"A variety of speculation" or what do you think the first draft of "Elinor and Marianne" was like?
I'm curious as to what others think the original draft of Sense and Sensibility, Elinor and Marianne, was like.
Here is what we officially know: "Of the first version of Sense and Sensibility we know nothing beyond the few details given in the Life - that it was cast in the epistolary form and written around 1795." This places the composition within a year of the completion of the first draft of Lady Susan, another epistolary novel. What eventually became S&S likely went through two substantial revisions, and moved away from the novel-in-letters form (which some speculate Austen "had lost patience with" by the time Lady Susan received a fair copy draft in 1805).

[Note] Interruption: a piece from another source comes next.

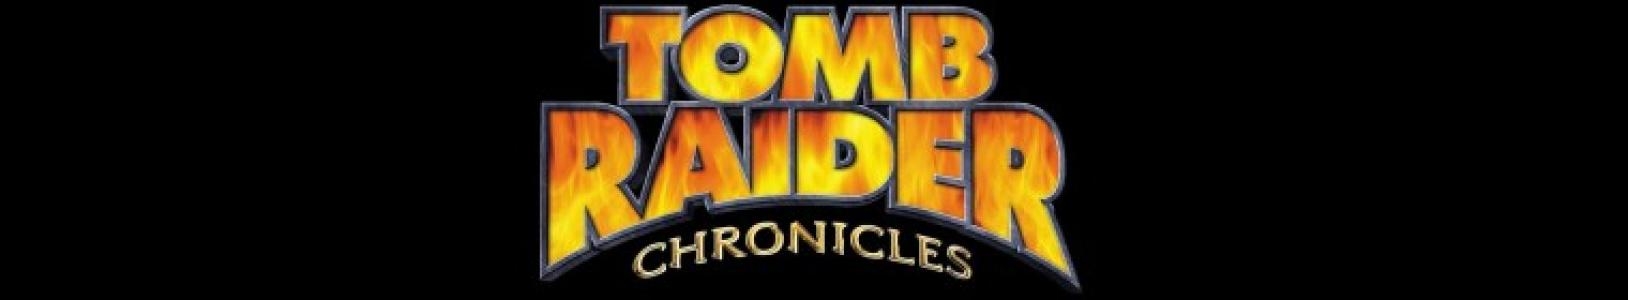 Tomb Raider: Chronicles banner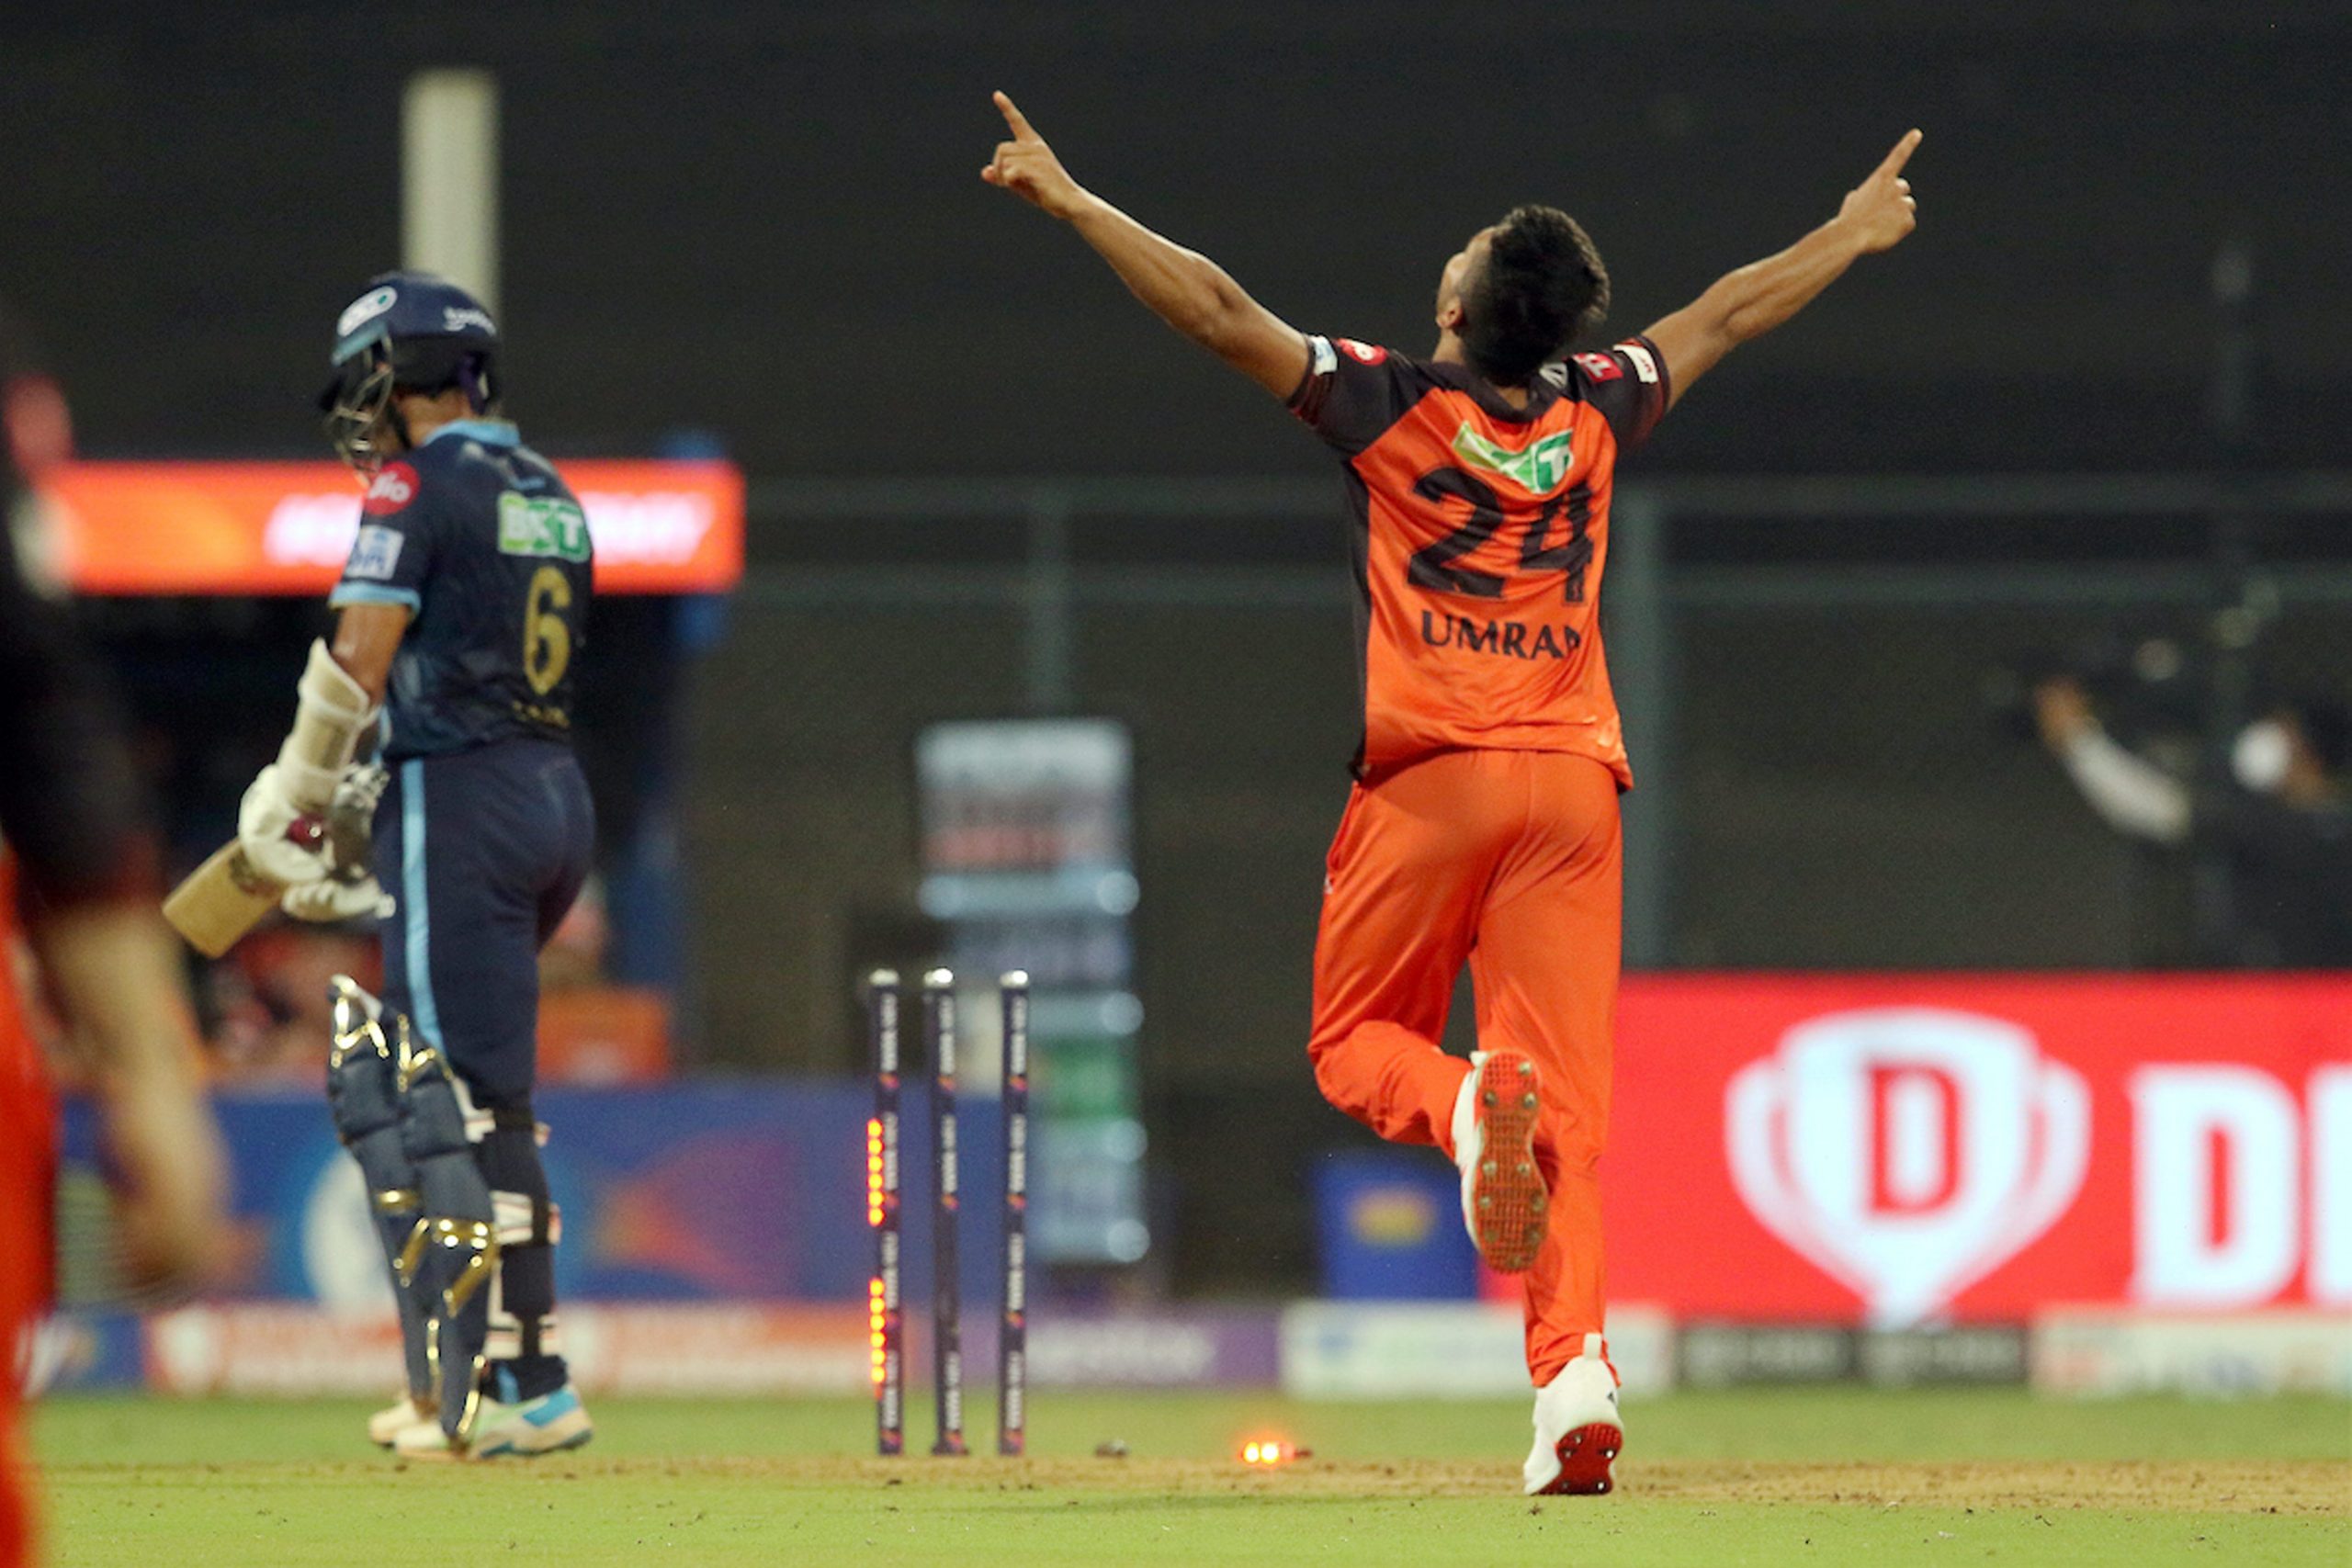 Mentor Dale Steyn wants Sunrisers Hyderabad’s Umran Malik to bowl as per field, change pace

Given that Lady Susan, I think, has more in common in tone and content with Austen's Juvenilia, my speculation is that Elinor and Marianne would have likely been similar - sprightly, heavily ironic, and less nuanced. I've been reading up on S&S this week, and many commentators point out that both Elinor and Marianne exhibit sense and sensibility, and the novel is less of a this or that than the title implies. My, entirely vibes based, guess is that sort of nuance came later and the original version leaned more into Elinor and Marianne as types.
Anyone else up for speculation?
All the factual information in this post came from "Chronology of Composition" by A. Walton Litz included in The Jane Austen Companion.